De verklaring van [getuige] , een vriendin van aangeefster, bevestigt onvoldoende dat de handelingen hebben plaatsgevonden zoals aangeefster heeft verklaard. Dat aangeefster emotioneel was en huilde toen zij via videobellen contact had met [getuige] is daarvoor onvoldoende, nu die emotie ook een andere oorzaak kan hebben, bijvoorbeeld de wijze waarop verdachte haar die nacht bij het afscheid behandelde.

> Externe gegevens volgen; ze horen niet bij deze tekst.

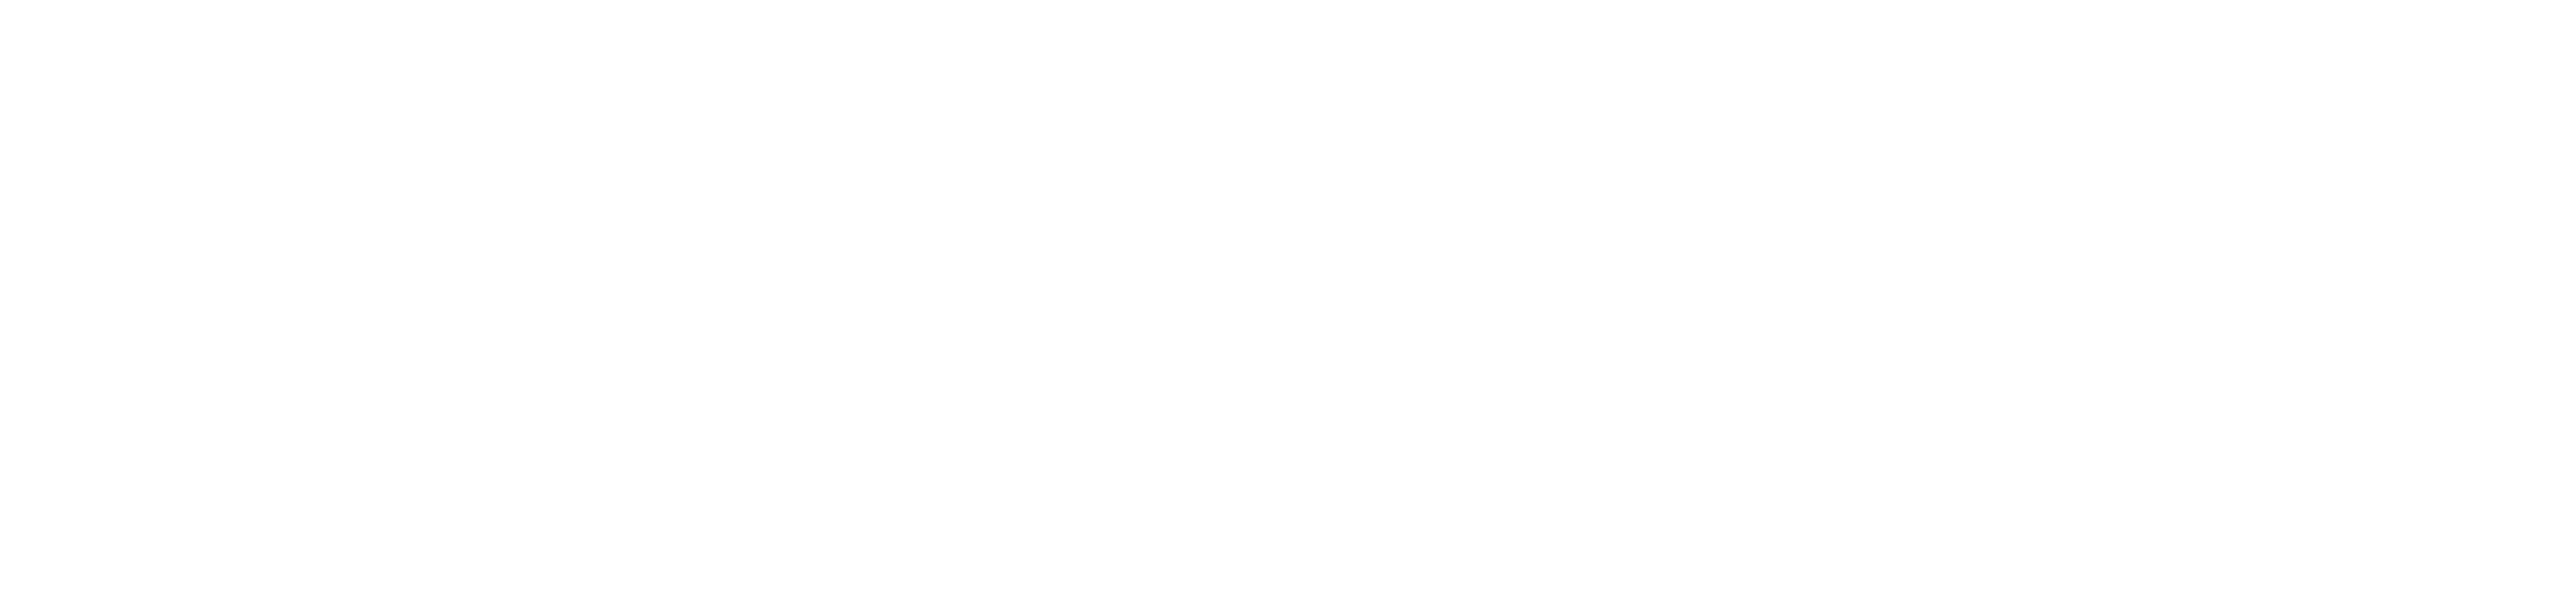 Prowise logo White

De verklaring van [getuige] is daarnaast niet concreet over de wijze waarop verdachte “over de grenzen heen ging” van aangeefster en waar de dwang uit bestaan zou hebben.
Ook de app-gesprekken die [slachtoffer] voorafgaand en na het incident met verdachte heeft gevoerd, waarvan de inhoud in het dossier is opgenomen, bieden geen concrete ondersteuning voor de aangifte van [slachtoffer] op het punt van de seksuele handelingen die verdachte met haar zou hebben gepleegd en de dwang die verdachte volgens haar daarbij heeft toegepast. Dat aangeefster al van tevoren zou hebben laten blijken dat zij geen seks met verdachte wilde, is daarvoor onvoldoende.
De rechtbank acht daarom niet wettig en overtuigend bewezen dat verdachte het hem tenlastegelegde feit heeft begaan en zal hem dan ook van dit feit vrijspreken.

5.De benadeelde partij

De benadeelde partij [slachtoffer] vordert een (immateriële) schadevergoeding van
€ 1.000,= voor het aan verdachte ten laste gelegd feit.
Verdachte is vrijgesproken van het feit waaruit de schade zou zijn ontstaan.
De rechtbank zal daarom de benadeelde partij niet-ontvankelijk verklaren in de vordering. Deze vordering kan bij de burgerlijke rechter worden aangebracht.

6.De beslissing

De rechtbank:
Vrijspraak
-
spreekt verdachte vrijvan het hem tenlastegelegde feit;
Benadeelde partijen
- verklaart de benadeelde partij [slachtoffer] niet-ontvankelijk in de vordering en bepaalt dat de vordering bij de burgerlijke rechter kan worden aangebracht;
- veroordeelt de benadeelde partij [slachtoffer] in de kosten van verdachte, tot nu toe begroot op nihil.
Dit vonnis is gewezen door mr. D.L.J. Martens, voorzitter, mr. E.B. Prenger en mr. J.P.E. Mullers, rechters, in tegenwoordigheid van E.A.J. de Roos, griffier, en is uitgesproken ter openbare zitting op 2 januari 2023.
Mrs. Mullers is niet in de gelegenheid dit vonnis mede te ondertekenen.